With the acception of a very few people, very little know what has been actually going on with my husband and I. Our summer was a very hard one. While the situation had more to do with how I was feeling then my husband, it was still extremely hard on both of us. Progressing forward to get better was hard because a majority of the time I felt so guilty for stressing my husband out. He is wonderful and amazing and certainly didn't deserve this. But after trying to sort through what I was going through on my own for years, it was starting to show up in our relationship whether I liked it or not. After I finally got the courage to tell my husband absoultly everything, he told me that he had pretty much already knew that and sensed something was not right all this time. After a very confusing summer we came close to things ending once or twice, but are not giving up and still working at things. The last few days we have made huge progress and are finally feeling happy and best of all clear of our emotions. We still have a lot to work through but I think we will still have our happy ending together!

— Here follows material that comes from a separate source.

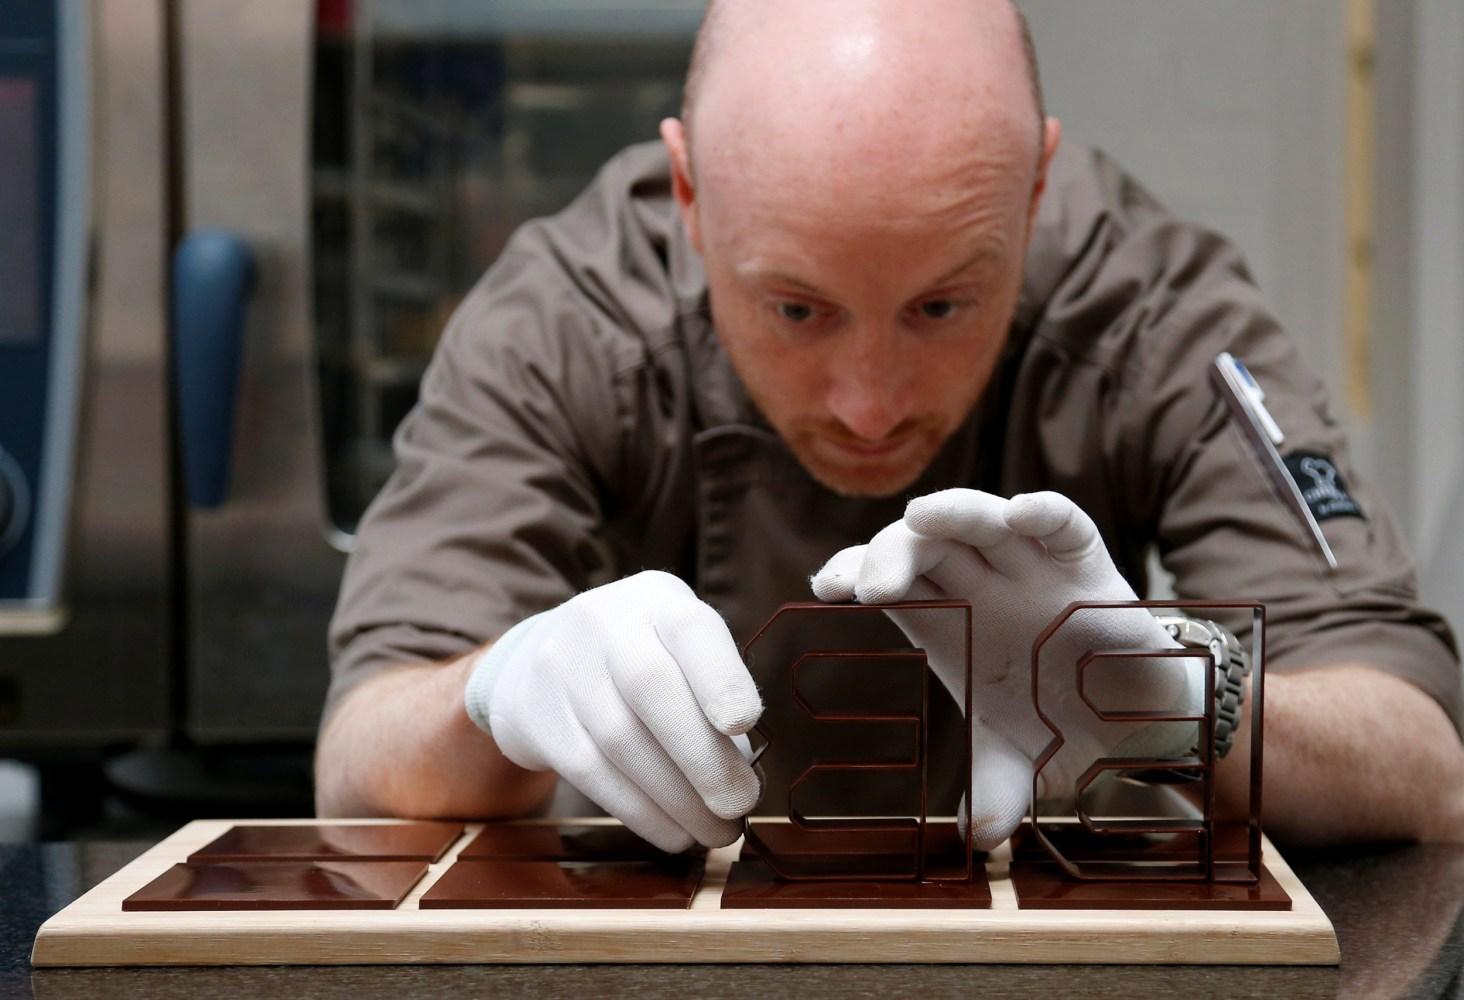 Belgian Chocolatier Turns to 3D Printer for Easter Treats - NBC News

We love Ethan and Peyton more then anything in the world. But did they change us? Absolutly! We could not imagine life without them, but at the same time we do miss the days when it was just us two. Jason and I did everything in hyperspeed and backwards. And through no fault of our own we never thought of the reactions to our choices. Things were a lot harder then we both ever thought they would be. We both gave up on dreams and both struggled to get over them. For now we are feeling alright with our new dream and the life we have today. We are taking baby steps and making small goals at a time to get back to the easiness and bliss we once had.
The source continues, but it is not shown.